ASSIGNED TASK: Start at the line that contains "Minion Playing Basketball Coloring Pages" in the listing below and extract every line through the last, exactly; leave pictures out.

INPUT DATA:
^^^^

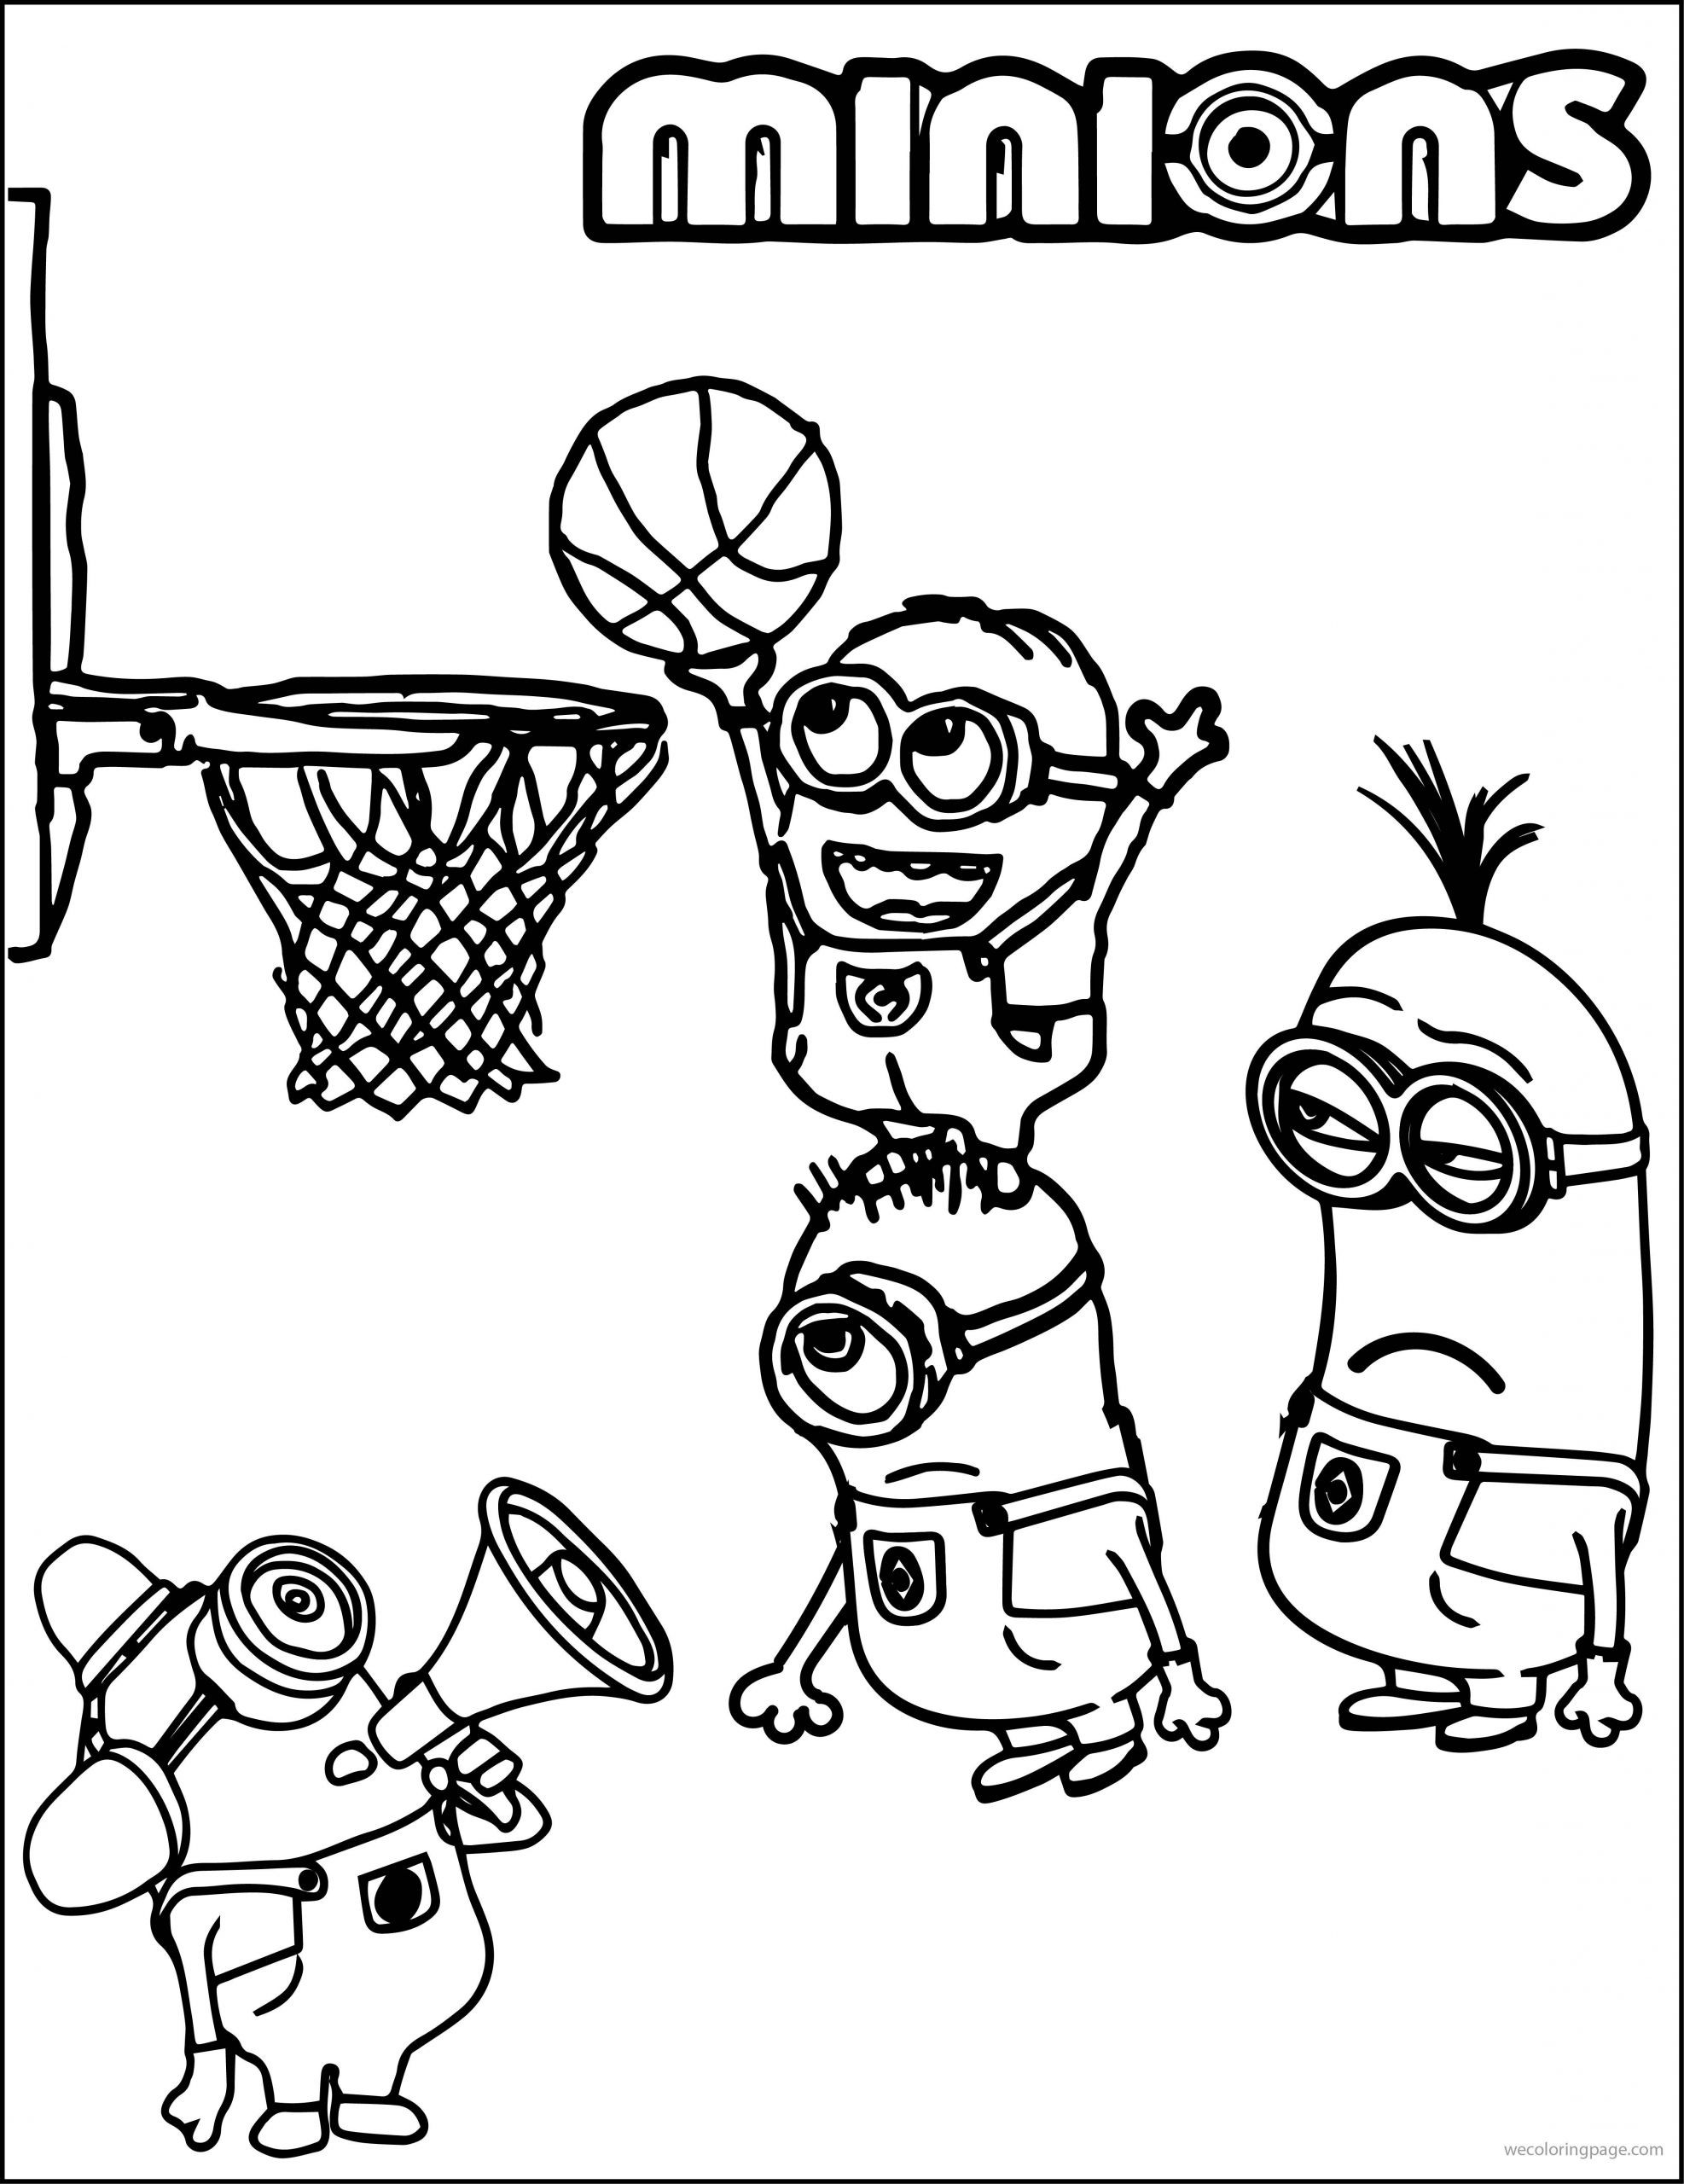 Free Coloring Pages For Boys Sports
 Minion Playing Basketball Coloring Pages
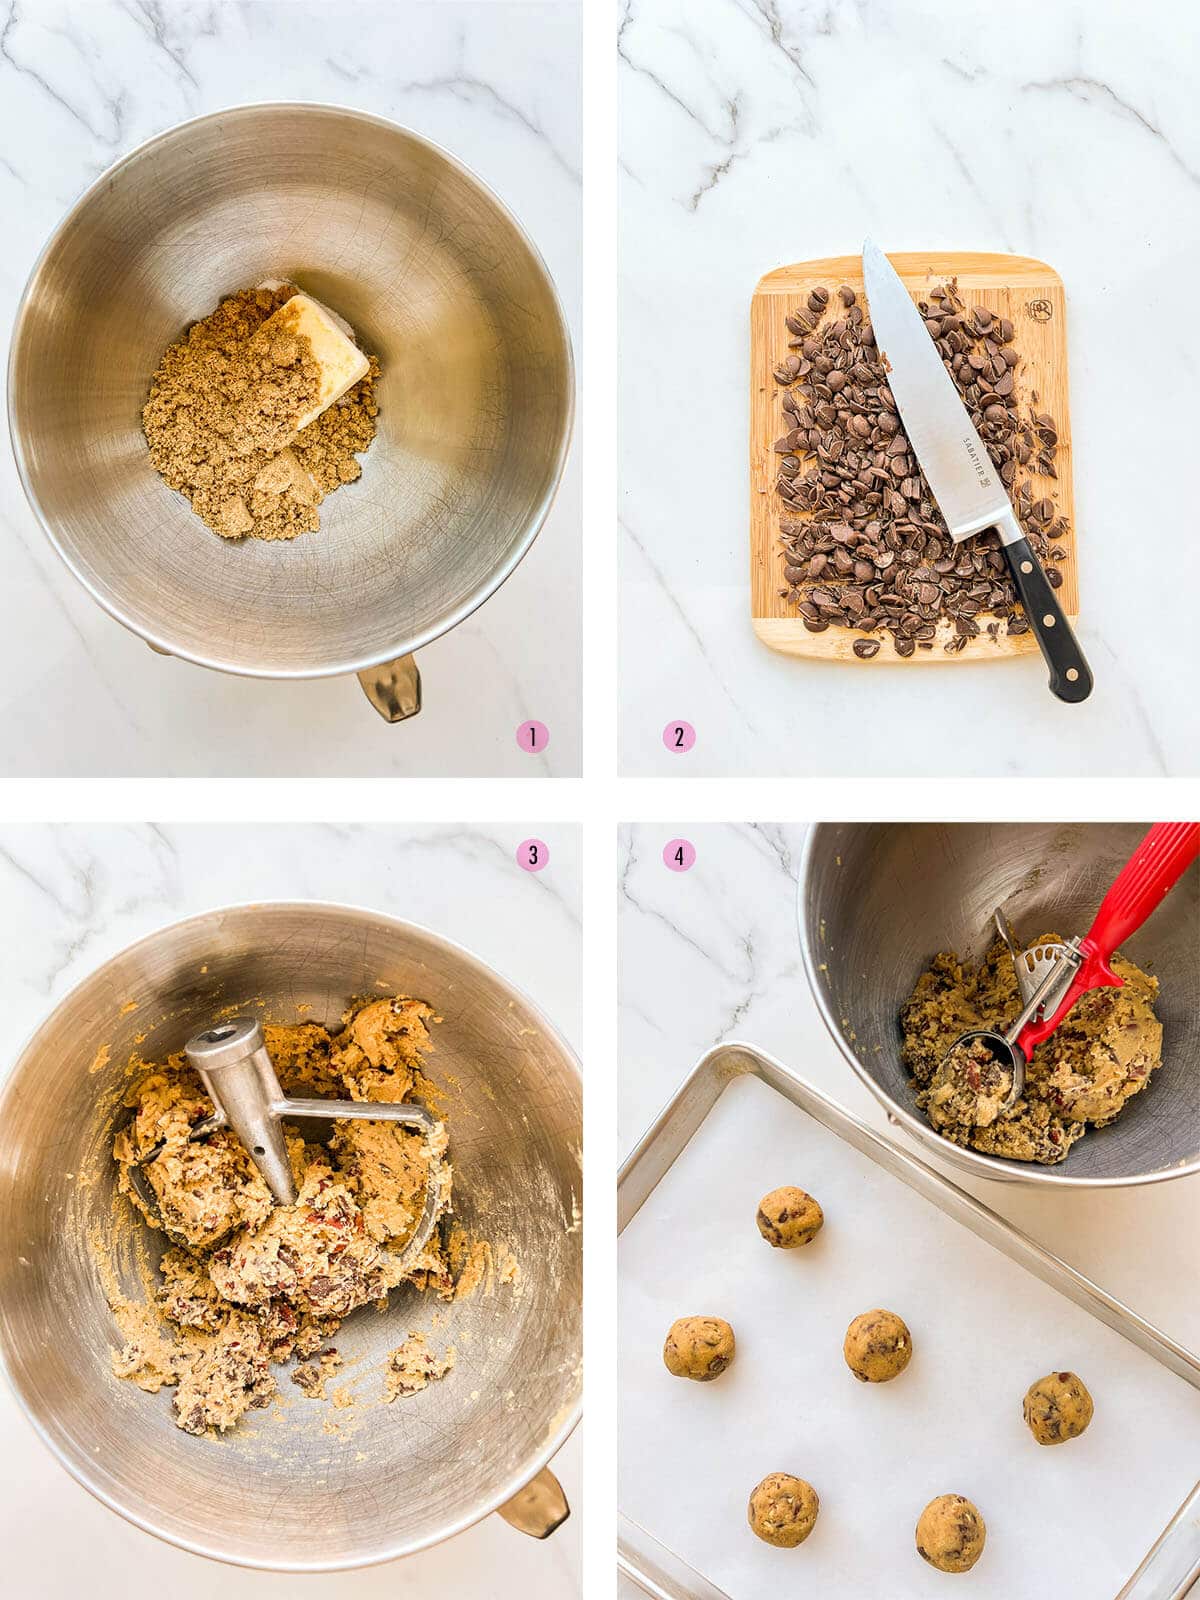 Collage of four images to show how to make chocolate chip cookies with pecans, including mixing the butter and sugars in the first image, chopping the chocolate in the second image, the raw cookie dough in the third image, and then scooping the dough with a disher onto a sheet pan in the fourth image.

^^^^

SOLUTION:
 Minion Playing Basketball Coloring Pages
 Collage of four images to show how to make chocolate chip cookies with pecans, including mixing the butter and sugars in the first image, chopping the chocolate in the second image, the raw cookie dough in the third image, and then scooping the dough with a disher onto a sheet pan in the fourth image.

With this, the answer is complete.